Кстати, как-то мне позвонили и сообщили, что выпускают собрание сочинений Достоевского, и небольшой процент с этого собрания готовы выплатить семье. Но все закончилось тем, что ко мне прислали какую-то тетку, я поил ее чаем на кухне, она все рассматривала мою обстановку, обнаружила старый холодильник, печь… И для себя, я предполагаю, определила, что я не нищий, могу обойтись и без этой помощи. Потому что больше никаких переговоров со мной на эту тему не вели.

— В Петербурге Достоевский сменил 28 квартир. Все ли дома сохранились?

— Многие уже разрушены. Но с одним связана очень интересная история. Достоевский жил на пару с писателем Дмитрием Григоровичем в доме, который находился на углу Владимирского проспекта. Дом этот дал мощную трещину. Власти давать деньги на ремонт отказались, предложили собирать средства всем миром. А напротив этого здания стоял театр Ленсовета. Его худруком тогда был покойный ныне муж Алисы Фрейндлих, Игорь Владимиров. А до этого произошла очень страшная история. В общем, Владимиров чуть не попал под колеса трамвая. Я тогда еще работал водителем, как вдруг прямо под колеса бежит какой-то седой господин. Я чудом успел затормозить. Оказалось, что это был Владимиров. И вот вскоре после этого я зашел к нему с просьбой: сыграть спектакль, а деньги перечислить на ремонт этого дома. Владимиров стал мягко мне отказывать, мол, актеры — особый народ, они мало получают, их сложно уговорить… И тут я припомнил ему тот случай с трамваем. "Так это были вы? — удивился Владимиров. — Ну, тогда другое дело". Он сразу полез в тумбочку, достал коньяк, мы выпили по рюмочке, и вскоре театр сыграл спектакль в пользу дома Достоевского.

— А правда, что когда-то вы были на грани жизни и смерти и прадед в прямом смысле спас вам жизнь?

— Да. Федор Михайлович дал мне с небес, наверное, испытание, заранее зная, что я это переживу. Это случилось в 80-х. У меня обнаружили опухоль. После операции ко мне пришел врач и прямым текстом сказал, что у меня злокачественная опухоль, рак. Я прошел радиотерапию, химиотерапию… Заведующая отделением дала понять, что не вовремя я заболел, мол, нужно дорогое лекарство, которое закупается в Японии, а список больных, которым тоже оно необходимо, уже собран и отправлен в Москву. Нужно ждать, пока сформируют новый, а сколько, никто сказать не мог. В этот момент в Петербург приезжает переводчик из Японии, который там переводил тексты моего прадеда. А Федора Михайловича в этой стране приняли в пантеон национальных героев. Моя мама к нему обратилась, и он за неделю организовал пересылку этого лекарства из Японии. И когда я принес это лекарство в ординаторскую, врач чуть со стула не упала. Она понимала, как сложно его достать, и какое оно дорогое. И тут я, хотя редко этим пользуюсь, говорю: "Ну, я же Достоевский". Не знаю, как бы дальше все сложилось, если бы не этот переводчик.
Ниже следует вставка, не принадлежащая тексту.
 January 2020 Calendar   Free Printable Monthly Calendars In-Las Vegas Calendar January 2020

Кстати, когда я был в Японии, мы поехали в ту фармацевтическую компанию, и я низко им поклонился за то, что они спасли мне жизнь.

— Помощи у местных властей вы не просили?
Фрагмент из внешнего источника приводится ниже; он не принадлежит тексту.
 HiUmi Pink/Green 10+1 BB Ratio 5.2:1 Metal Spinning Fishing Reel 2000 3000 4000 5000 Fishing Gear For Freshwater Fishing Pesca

— Я обращался в Союз писателей. После болезни я не работал, денег в семье очень не хватало. Я поехал в Москву, там мне в темном коридоре дали по тем временам смехотворную сумму — 80 рублей. И когда я оттуда выходил, кто-то взял меня за пуговицу и сказал: "Батенька, а мы ведь за счет вашего прадеда все за границу ездим". Книги Достоевского ведь выпускали, какие-то деньги перечислялись разным организациям, в том числе и Союзу писателей, которое решило сэкономить на потомках. Сейчас в этом плане тоже ничего не поменялось. Как-то во Франции встречался с правнуком Жюля Верна, так он мне сказал, что благодаря тому, что природа наделила его голосом, он может петь оперы в местном театре, этим зарабатывает себе на жизнь. А как потомок он тоже ничего не получает.